Effects of Porous Media Properties and Flow Environment on Drug Release from Porous Implants

TL;DR

This study uses numerical simulations to analyze how flow conditions and porous media properties affect drug release from porous implants, aiming to optimize their performance in physiological environments.

Contribution

It introduces a detailed numerical model incorporating flow dynamics and drug diffusion to predict drug release profiles from porous implants.

Findings

Flow conditions significantly influence drug release rates.

High Reynolds numbers can increase the release rate during later stages.

The model suggests potential for designing adaptive drug delivery implants.

Abstract

Drug-Filled Porous Implants (DFPIs) are an innovative solution for delivering drugs in a controlled and sustained manner to target sites. To optimize their performance across various physiological conditions, it is essential to understand how fluid flow and porous media properties influence the drug release process. In this work, we numerically investigate a wide range of flow conditions and their effects on drug release from DFPI. The DFPI is modeled as a homogeneous, saturated porous medium, with flow through the porous structure modeled using the Forchheimer-extended Darcy law. Drug diffusion within the DFPI and its transport through the surrounding channel are simulated using a diluted species transport approach. The results reveal the impact of flow conditions and porous media characteristics on the drug release profile of the implant and drug availability within the channel.

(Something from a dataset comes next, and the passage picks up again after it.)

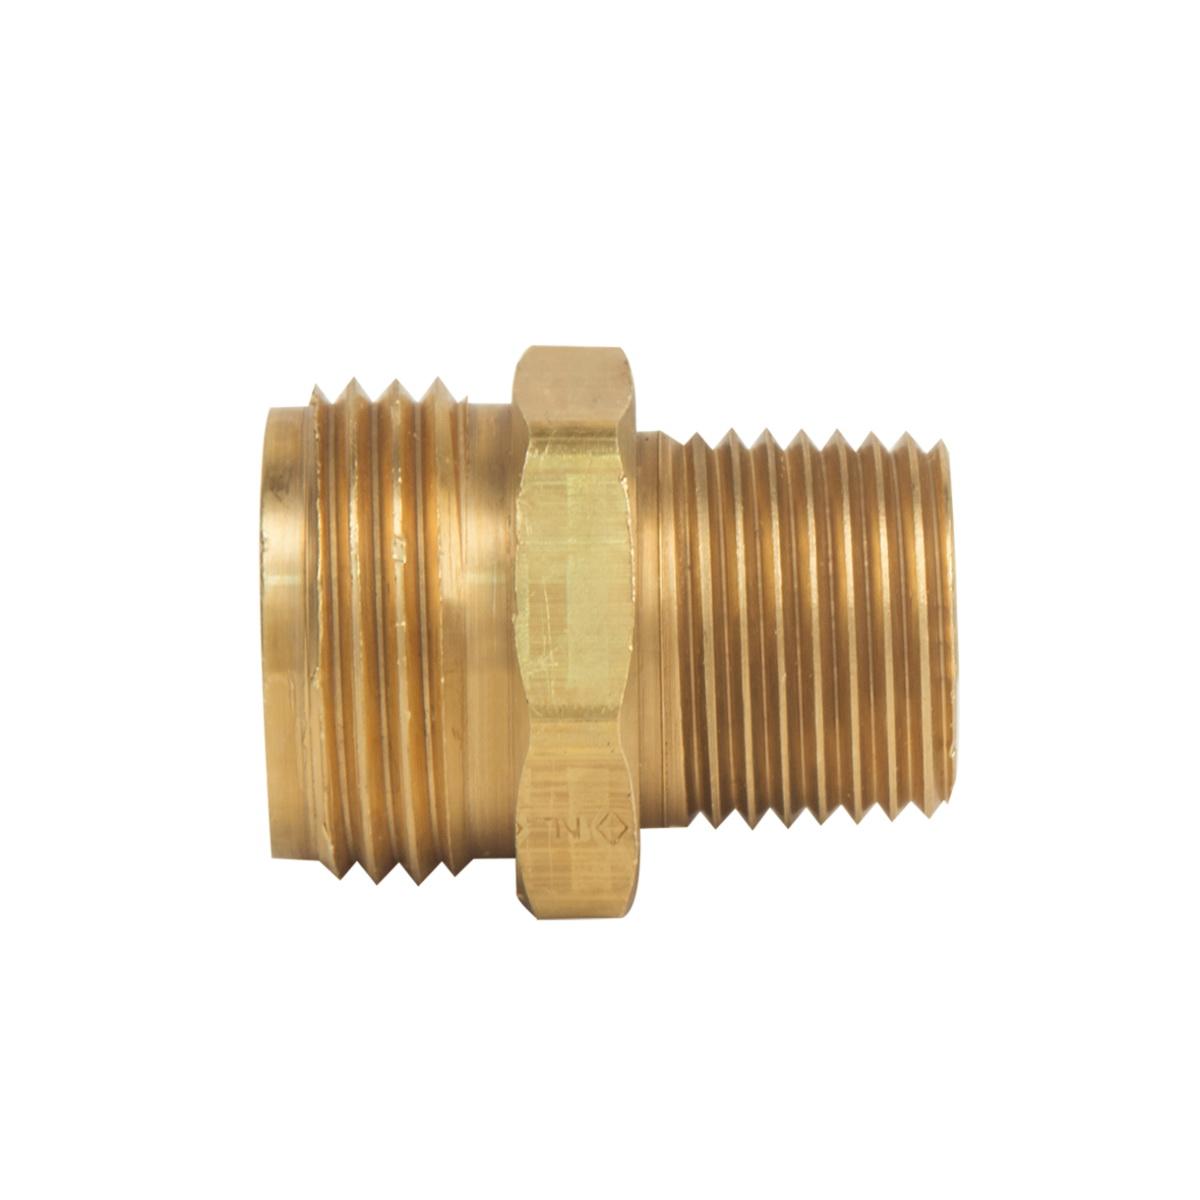 BrassCraft® HU22-8-12 Rough Brass Hose Adapter, 1/2 in x 3/4 in, MHT x MIP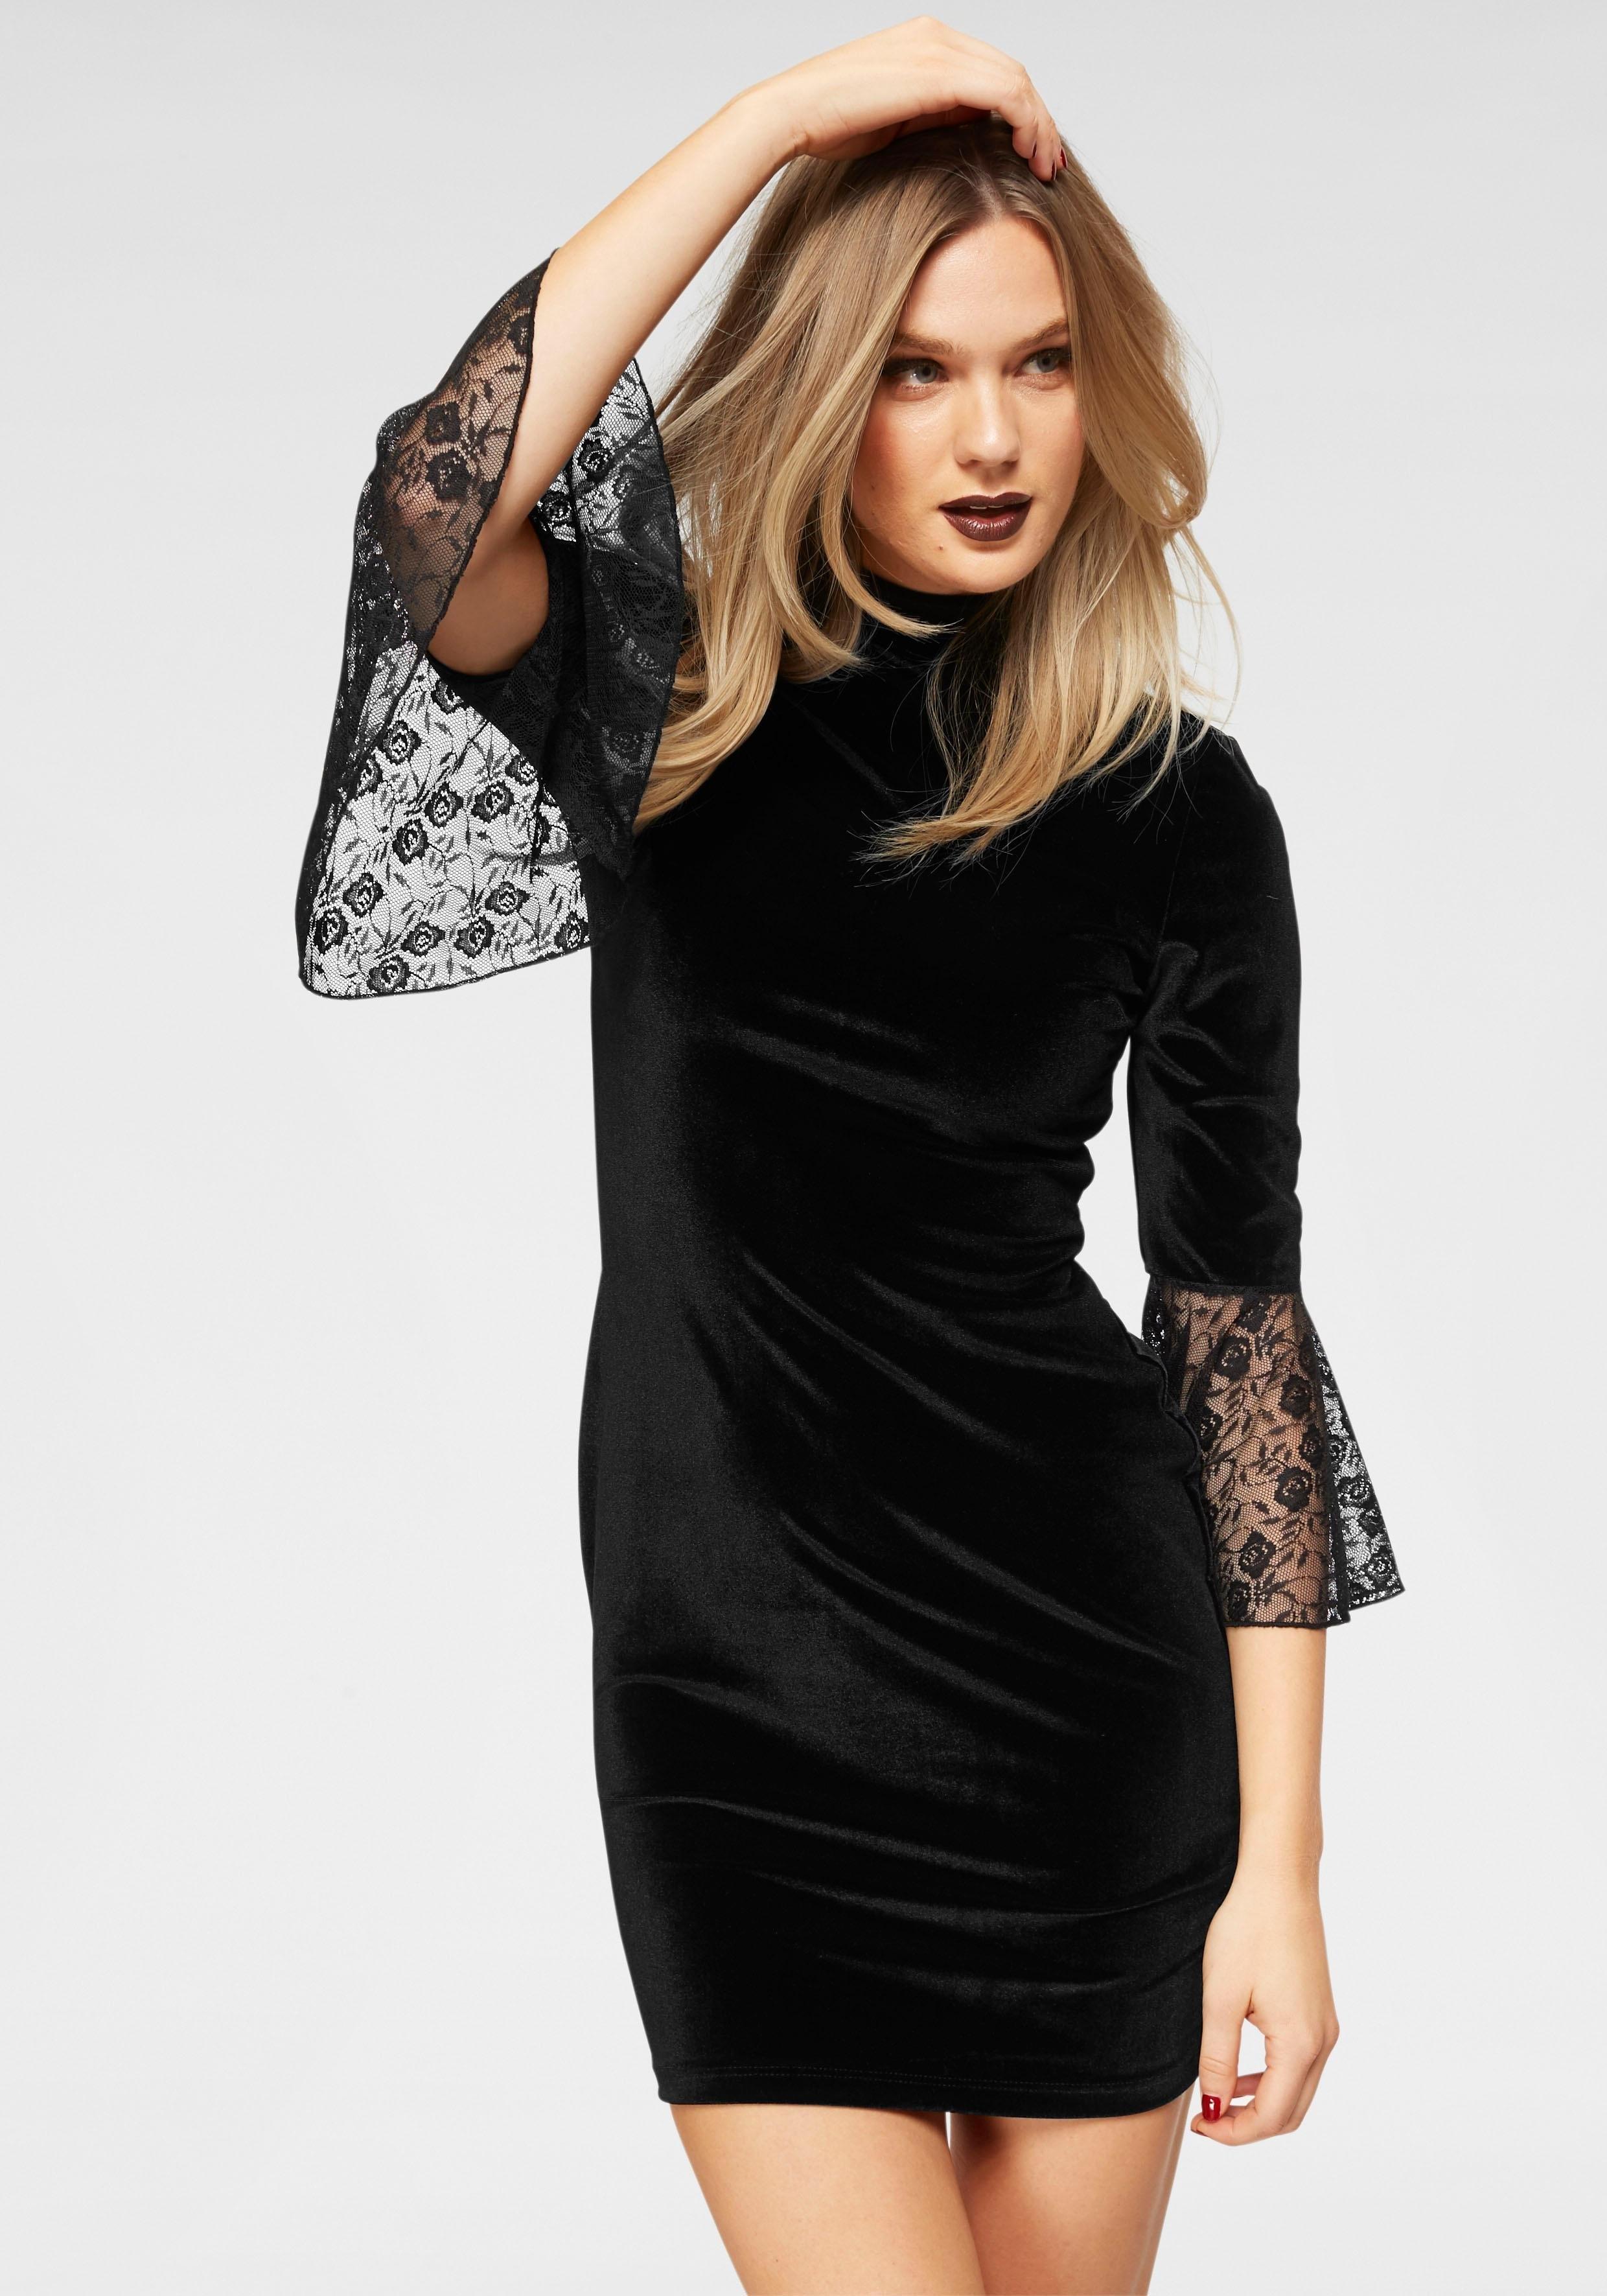 melrose fluwelen jurk nu online kopen bij OTTO

The variations in drug release behavior are analyzed by modeling the release as an apparent first-order process with a time-dependent rate constant. Notably, the results highlight specific conditions under which the rate constant increases during the later stages of drug release from the DFPI, particularly at high Reynolds numbers, while also ensuring a prolonged operational time period of the implant. These findings suggest the potential for developing intelligent DFPI designs capable of delivering drugs in a manner more attuned to the specific needs of the application.